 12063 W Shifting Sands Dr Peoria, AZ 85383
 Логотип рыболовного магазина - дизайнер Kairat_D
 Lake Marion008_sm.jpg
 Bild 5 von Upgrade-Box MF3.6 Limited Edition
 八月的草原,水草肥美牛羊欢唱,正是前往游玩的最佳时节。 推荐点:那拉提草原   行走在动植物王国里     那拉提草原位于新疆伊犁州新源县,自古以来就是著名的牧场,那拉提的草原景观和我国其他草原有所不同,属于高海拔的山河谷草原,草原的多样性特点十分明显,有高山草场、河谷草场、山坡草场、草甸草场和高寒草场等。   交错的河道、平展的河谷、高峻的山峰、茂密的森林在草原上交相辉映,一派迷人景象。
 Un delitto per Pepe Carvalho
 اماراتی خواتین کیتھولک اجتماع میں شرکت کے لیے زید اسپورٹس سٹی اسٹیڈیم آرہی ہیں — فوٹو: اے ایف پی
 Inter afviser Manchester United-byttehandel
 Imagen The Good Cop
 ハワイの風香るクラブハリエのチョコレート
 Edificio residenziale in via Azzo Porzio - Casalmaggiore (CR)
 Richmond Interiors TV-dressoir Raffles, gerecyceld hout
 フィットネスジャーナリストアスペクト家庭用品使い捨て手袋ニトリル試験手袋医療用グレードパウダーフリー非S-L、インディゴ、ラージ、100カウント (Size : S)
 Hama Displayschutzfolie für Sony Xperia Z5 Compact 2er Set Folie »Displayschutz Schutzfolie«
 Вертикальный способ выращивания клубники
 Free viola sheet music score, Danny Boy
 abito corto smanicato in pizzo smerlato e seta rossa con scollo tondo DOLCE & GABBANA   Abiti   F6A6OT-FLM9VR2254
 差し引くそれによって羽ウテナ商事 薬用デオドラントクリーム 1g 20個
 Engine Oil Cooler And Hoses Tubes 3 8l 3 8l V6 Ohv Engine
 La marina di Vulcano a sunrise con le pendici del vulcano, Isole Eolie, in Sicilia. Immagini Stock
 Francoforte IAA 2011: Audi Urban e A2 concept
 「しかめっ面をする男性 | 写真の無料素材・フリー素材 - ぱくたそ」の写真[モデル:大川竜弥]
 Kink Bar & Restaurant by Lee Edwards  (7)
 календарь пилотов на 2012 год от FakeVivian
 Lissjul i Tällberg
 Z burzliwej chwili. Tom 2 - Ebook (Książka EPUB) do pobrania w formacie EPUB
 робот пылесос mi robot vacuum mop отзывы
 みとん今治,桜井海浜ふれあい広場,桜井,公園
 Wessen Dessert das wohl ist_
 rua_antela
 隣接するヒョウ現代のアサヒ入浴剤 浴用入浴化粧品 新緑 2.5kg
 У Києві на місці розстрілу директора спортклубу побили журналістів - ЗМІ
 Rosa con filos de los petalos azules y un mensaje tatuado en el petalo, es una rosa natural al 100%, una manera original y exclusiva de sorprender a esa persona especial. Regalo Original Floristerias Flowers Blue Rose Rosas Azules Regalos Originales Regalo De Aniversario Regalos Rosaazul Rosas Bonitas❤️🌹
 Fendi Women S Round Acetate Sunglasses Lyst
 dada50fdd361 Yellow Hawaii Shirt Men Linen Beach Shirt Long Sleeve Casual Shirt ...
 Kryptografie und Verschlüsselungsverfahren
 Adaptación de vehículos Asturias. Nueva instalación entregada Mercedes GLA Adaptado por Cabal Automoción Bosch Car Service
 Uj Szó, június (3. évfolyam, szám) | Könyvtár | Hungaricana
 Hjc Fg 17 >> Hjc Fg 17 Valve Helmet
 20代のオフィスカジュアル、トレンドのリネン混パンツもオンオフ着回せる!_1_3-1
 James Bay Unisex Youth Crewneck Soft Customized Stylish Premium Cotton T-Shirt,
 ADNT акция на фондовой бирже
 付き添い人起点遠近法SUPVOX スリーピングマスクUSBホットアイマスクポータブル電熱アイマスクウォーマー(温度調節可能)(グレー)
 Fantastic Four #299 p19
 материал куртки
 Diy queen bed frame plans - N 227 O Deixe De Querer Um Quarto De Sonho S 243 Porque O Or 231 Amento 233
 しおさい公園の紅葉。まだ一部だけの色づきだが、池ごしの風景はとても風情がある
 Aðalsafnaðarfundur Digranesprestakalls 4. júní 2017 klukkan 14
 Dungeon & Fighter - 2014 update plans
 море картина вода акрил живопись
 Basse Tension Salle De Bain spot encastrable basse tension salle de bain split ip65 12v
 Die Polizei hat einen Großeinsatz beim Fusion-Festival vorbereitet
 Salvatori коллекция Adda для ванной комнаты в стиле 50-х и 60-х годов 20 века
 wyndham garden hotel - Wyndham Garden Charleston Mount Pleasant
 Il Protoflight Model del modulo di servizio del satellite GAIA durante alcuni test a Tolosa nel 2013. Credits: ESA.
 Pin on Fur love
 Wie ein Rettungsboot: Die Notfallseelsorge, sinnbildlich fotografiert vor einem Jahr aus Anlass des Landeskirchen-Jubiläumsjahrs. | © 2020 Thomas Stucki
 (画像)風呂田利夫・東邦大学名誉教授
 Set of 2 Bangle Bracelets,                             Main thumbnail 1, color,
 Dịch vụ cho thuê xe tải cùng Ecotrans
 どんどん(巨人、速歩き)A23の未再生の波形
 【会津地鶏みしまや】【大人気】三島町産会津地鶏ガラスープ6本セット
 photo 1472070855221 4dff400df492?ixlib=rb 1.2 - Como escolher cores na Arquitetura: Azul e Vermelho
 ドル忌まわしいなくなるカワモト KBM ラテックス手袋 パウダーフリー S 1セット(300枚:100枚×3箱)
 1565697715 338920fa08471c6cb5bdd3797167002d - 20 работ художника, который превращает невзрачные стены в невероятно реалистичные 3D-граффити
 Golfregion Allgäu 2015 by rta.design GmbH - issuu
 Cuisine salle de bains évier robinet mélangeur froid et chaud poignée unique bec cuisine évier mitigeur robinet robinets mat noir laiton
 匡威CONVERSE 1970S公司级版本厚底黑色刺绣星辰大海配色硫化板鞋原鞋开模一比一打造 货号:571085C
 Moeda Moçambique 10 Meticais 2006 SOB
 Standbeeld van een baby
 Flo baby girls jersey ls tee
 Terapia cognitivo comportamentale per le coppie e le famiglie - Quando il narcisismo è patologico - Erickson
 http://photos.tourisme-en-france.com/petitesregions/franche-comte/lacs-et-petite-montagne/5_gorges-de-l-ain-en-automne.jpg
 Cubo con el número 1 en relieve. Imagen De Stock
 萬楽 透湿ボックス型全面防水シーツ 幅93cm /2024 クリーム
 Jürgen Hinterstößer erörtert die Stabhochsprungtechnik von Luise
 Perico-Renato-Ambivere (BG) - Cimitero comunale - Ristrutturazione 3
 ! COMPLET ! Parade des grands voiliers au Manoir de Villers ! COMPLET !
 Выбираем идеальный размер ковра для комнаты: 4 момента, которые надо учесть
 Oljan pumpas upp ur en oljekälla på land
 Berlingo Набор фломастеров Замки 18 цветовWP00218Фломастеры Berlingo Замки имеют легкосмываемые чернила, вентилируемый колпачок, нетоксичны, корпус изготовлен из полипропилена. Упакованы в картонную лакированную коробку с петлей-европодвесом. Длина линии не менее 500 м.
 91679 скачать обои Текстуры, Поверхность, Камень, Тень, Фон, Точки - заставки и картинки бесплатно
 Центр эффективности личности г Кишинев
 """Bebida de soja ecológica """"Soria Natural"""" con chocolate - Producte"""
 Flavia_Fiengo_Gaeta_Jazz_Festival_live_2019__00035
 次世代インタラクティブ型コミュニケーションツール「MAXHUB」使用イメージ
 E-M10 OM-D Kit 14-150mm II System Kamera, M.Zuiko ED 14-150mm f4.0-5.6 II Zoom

To do:
In the listing above, find the line containing "Free viola sheet music score, Danny Boy" and the line containing "Z burzliwej chwili.", then quote both, plus every line between them, exactly as written.

Response to the exercise:
 Free viola sheet music score, Danny Boy
 abito corto smanicato in pizzo smerlato e seta rossa con scollo tondo DOLCE & GABBANA   Abiti   F6A6OT-FLM9VR2254
 差し引くそれによって羽ウテナ商事 薬用デオドラントクリーム 1g 20個
 Engine Oil Cooler And Hoses Tubes 3 8l 3 8l V6 Ohv Engine
 La marina di Vulcano a sunrise con le pendici del vulcano, Isole Eolie, in Sicilia. Immagini Stock
 Francoforte IAA 2011: Audi Urban e A2 concept
 「しかめっ面をする男性 | 写真の無料素材・フリー素材 - ぱくたそ」の写真[モデル:大川竜弥]
 Kink Bar & Restaurant by Lee Edwards  (7)
 календарь пилотов на 2012 год от FakeVivian
 Lissjul i Tällberg
 Z burzliwej chwili. Tom 2 - Ebook (Książka EPUB) do pobrania w formacie EPUB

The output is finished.